Hoy, 5 de enero, mientras millones de españoles ultiman los preparativos para la llegada de Sus Majestades de Oriente, surge una duda recurrente entre los adultos: ¿hay que declarar los regalos de Reyes? Ante la posibilidad de recibir presentes de gran valor, los técnicos del Ministerio de Hacienda (Gestha) han aclarado cómo funciona la fiscalidad de los obsequios navideños.
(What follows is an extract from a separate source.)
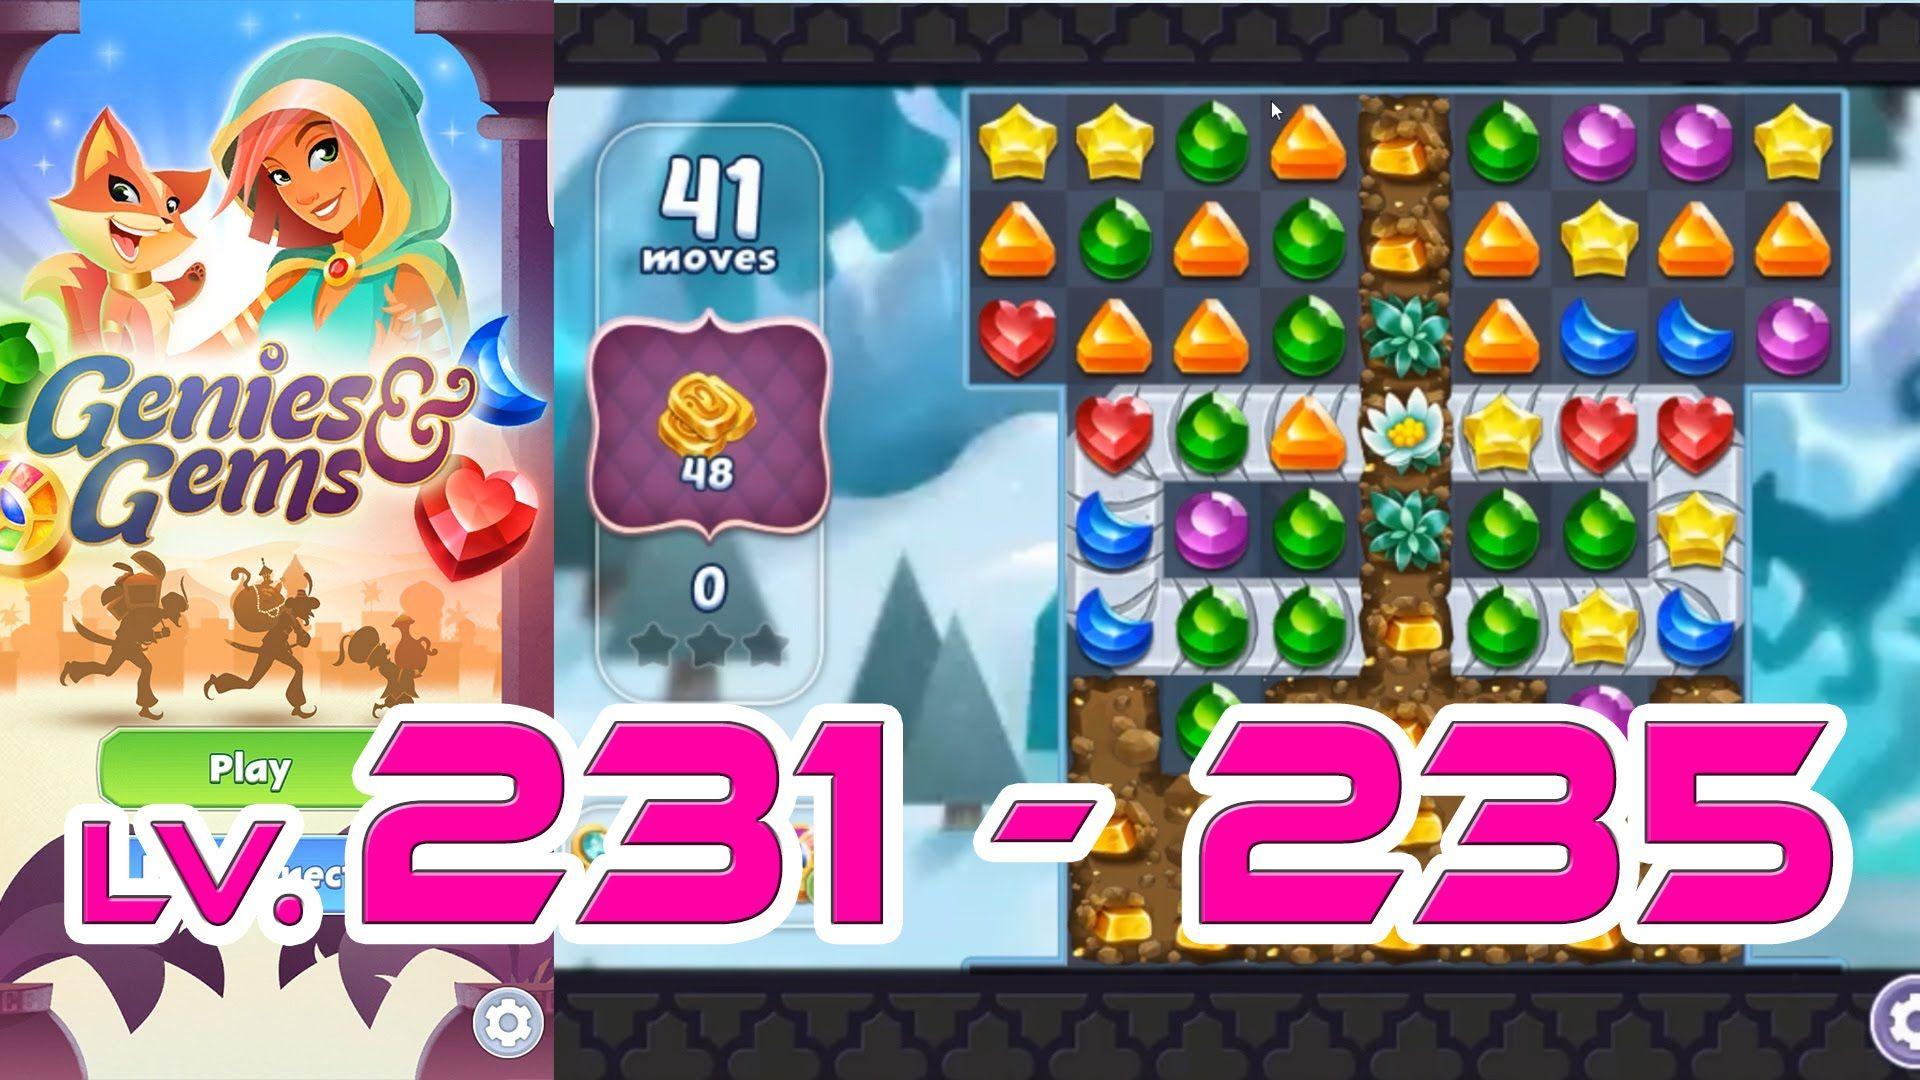 Genies & Gems - Level 231 - 235 (1080p/60fps) | Genies & Gems

La respuesta corta es que puedes estar tranquilo con los detalles habituales, pero existen excepciones importantes si los Reyes se portan «demasiado» bien.
El «visto bueno» de Hacienda a los regalos comunes
Gestha confirma que la Agencia Tributaria no controla ni persigue los regalos puntuales de valor moderado. Los obsequios típicos de estas fechas (ropa, perfumes, libros o dispositivos electrónicos) no son objeto de investigación.
• Menores de edad: Los niños y jóvenes, principales destinatarios de los regalos, no tributan, por lo que sus obsequios están totalmente exentos de cualquier preocupación fiscal.
• Obsequios habituales: Hacienda entiende que estas entregas forman parte de las costumbres sociales y no busca fiscalizar cada paquete que aparece bajo el árbol.
¿Cuándo sí hay que pagar impuestos?
El escenario cambia cuando el regalo tiene una especial relevancia económica. Legalmente, cualquier entrega gratuita de bienes o dinero se considera una donación y, como tal, debería estar sujeta al Impuesto de Sucesiones y Donaciones (ISD).
Deberás prestar atención si recibes:
1. Grandes sumas de dinero: Ya sea en efectivo o mediante transferencia bancaria.
2. Vehículos o inmuebles: Si los Reyes te traen un coche o una propiedad, la administración autonómica intervendrá.
3. Bienes de lujo: Joyas de alto valor o piezas de arte.
Factores que determinan cuánto pagarás
Al ser un impuesto cedido a las comunidades autónomas, la cuantía a pagar varía según:
• Residencia: La normativa de la autonomía donde viva quien recibe el regalo (donatario).
• Parentesco: La consanguinidad es clave. Un regalo de padres a hijos suele tener bonificaciones de hasta el 99% en muchas comunidades, mientras que entre familiares lejanos o amigos el «pico» que se lleva Hacienda es mucho mayor.
• Plazo de prescripción: Gestha recuerda que la Administración tiene hasta cuatro años para reclamar el pago de este impuesto desde que se produce la donación.
Conclusión de los expertos
En definitiva, para la inmensa mayoría de los hogares, abrir los regalos mañana día 6 no conllevará ninguna obligación tributaria. Solo en casos de incrementos patrimoniales sustanciales (viviendas, coches o fuertes sumas de dinero) será necesario pasar por la caja de la hacienda autonómica para cumplir con el Impuesto de Donaciones.